**Task prompt:** Repeat the stretch of entries below from the line with "99 Names of ALLAH Handwriting image" through the line with "GCDN Schach-Timer Professionelle". Include both ends and add nothing.

**Available data:**
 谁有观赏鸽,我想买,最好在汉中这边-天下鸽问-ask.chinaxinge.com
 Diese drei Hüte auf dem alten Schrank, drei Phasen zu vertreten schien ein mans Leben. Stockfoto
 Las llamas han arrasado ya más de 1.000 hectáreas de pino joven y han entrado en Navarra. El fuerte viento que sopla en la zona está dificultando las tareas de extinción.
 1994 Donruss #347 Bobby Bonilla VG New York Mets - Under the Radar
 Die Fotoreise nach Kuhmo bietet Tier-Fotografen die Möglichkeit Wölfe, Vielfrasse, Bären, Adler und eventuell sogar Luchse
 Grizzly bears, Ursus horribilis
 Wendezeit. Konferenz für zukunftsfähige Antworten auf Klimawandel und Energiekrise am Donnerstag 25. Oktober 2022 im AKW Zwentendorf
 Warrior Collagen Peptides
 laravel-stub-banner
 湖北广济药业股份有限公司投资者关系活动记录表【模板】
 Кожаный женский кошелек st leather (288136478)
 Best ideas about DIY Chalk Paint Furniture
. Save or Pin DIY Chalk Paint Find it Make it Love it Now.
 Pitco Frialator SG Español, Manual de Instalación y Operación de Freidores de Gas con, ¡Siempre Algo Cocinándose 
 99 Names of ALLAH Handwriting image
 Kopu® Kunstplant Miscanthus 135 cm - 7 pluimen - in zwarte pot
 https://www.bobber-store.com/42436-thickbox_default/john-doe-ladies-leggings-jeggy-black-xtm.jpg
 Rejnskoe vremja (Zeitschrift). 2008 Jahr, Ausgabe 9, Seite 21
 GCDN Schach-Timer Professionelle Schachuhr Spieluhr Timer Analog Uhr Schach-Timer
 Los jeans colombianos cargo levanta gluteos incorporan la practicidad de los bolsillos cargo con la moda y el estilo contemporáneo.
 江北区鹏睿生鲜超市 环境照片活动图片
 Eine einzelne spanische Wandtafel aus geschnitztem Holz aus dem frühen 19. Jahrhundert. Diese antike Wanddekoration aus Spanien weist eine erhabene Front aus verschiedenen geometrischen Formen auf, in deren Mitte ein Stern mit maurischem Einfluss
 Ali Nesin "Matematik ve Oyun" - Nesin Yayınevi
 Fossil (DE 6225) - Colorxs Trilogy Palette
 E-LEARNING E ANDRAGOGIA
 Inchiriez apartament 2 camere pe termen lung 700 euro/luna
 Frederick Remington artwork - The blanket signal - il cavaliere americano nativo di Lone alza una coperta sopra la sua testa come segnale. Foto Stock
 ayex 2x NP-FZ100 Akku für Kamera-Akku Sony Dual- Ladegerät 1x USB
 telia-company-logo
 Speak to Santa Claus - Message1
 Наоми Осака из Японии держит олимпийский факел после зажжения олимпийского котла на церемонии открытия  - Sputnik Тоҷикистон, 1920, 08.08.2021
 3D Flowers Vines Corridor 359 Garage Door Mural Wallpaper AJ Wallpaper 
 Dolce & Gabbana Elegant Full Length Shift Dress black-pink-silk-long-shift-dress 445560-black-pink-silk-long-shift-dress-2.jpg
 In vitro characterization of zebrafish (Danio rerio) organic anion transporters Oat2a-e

**Worked solution:**
 99 Names of ALLAH Handwriting image
 Kopu® Kunstplant Miscanthus 135 cm - 7 pluimen - in zwarte pot
 https://www.bobber-store.com/42436-thickbox_default/john-doe-ladies-leggings-jeggy-black-xtm.jpg
 Rejnskoe vremja (Zeitschrift). 2008 Jahr, Ausgabe 9, Seite 21
 GCDN Schach-Timer Professionelle Schachuhr Spieluhr Timer Analog Uhr Schach-Timer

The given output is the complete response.